Housing Starts Are Down but Permits & Completions Are Up

Finally, some good news in the home construction world as building permits and completions were both up in September, according to the Census Bureau’s September New Residential Construction report.

  • HOUSING STARTS: The only bad news in the report had privately-owned housing starts falling 8.1% to a seasonally adjusted annual rate of 1,439,000, this is 7.7% lower than last year and worse than economist predictions of a 6.2% drop.
  • BUILDING PERMITS: Privately-owned housing units unexpectedly rose in September by 1.4% to a seasonally adjusted annual rate of 1,564,000, this is higher than economist predictions of a 0.7% drop but is still 3.2% lower than last year.
  • HOUSING COMPLETIONS: Continues to be the bright spot for construction as privately owned housing completions were up 6.1% to a seasonally adjusted annual rate of 1,427,000, this is up 15.7% from last year.

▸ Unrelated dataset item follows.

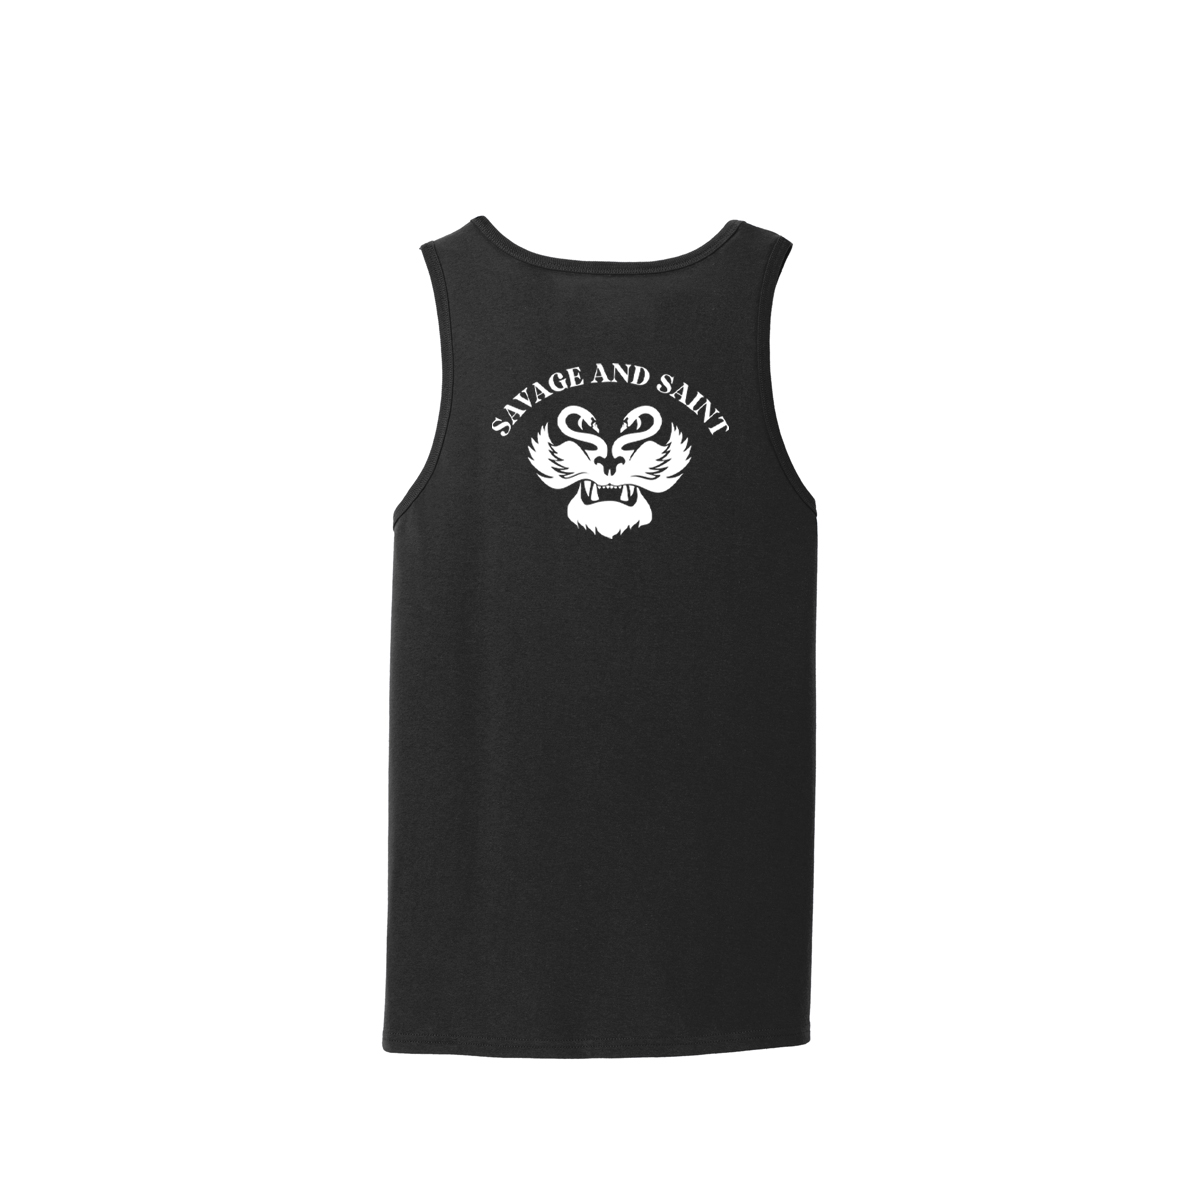 tanktop back view with left chest logo - SAVAGE AND SAINT- sleeve print included
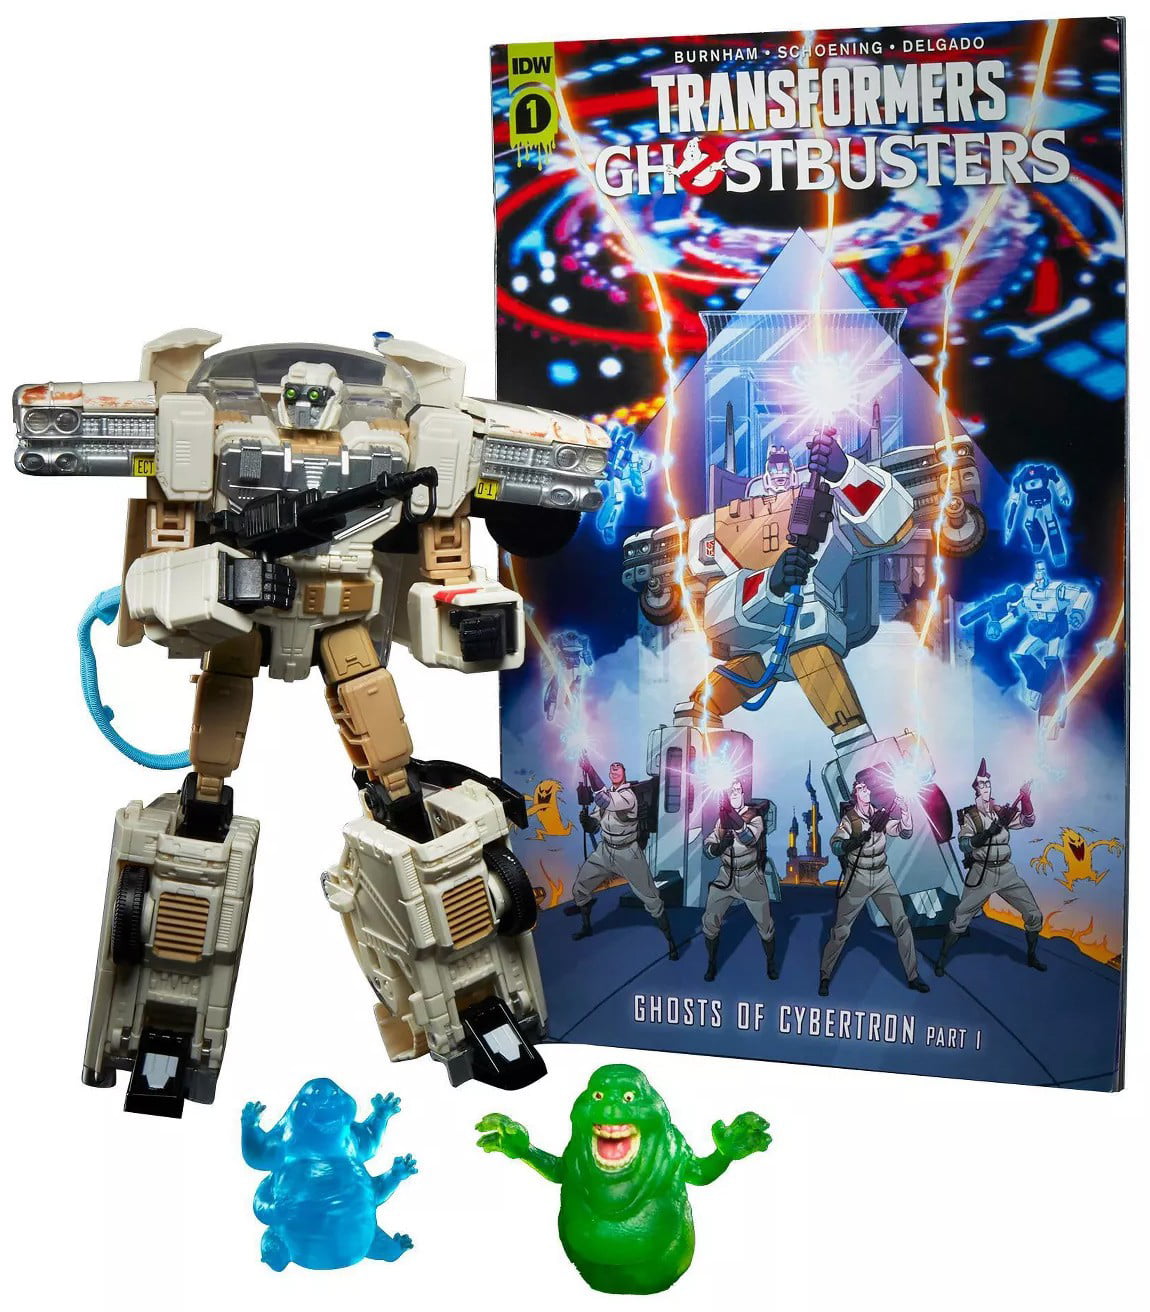 IN STOCK Transformers Ghostbusters Ectotron Ecto-1 ACTION FIGURE

Southern Domination. Regionally, the South continues to dominate all categories. The South represents 54.5% of all building permits, 51.3% of housing starts, and 54.7% of housing completions.

  • Regarding single-family, the South’s dominance is even more pronounced, representing 60.7% of building permits, 60.1% of housing starts, and 61.6% of housing completions.

Analysis. Most of the decline in construction is single-family according to an analysis by Eric Basamajian at EPR Research “Building permits are declining, down 18% from the peak. But this decline is entirely from single-family permits, which are down 28% from the peak. Multi-family permits continue to trend higher.”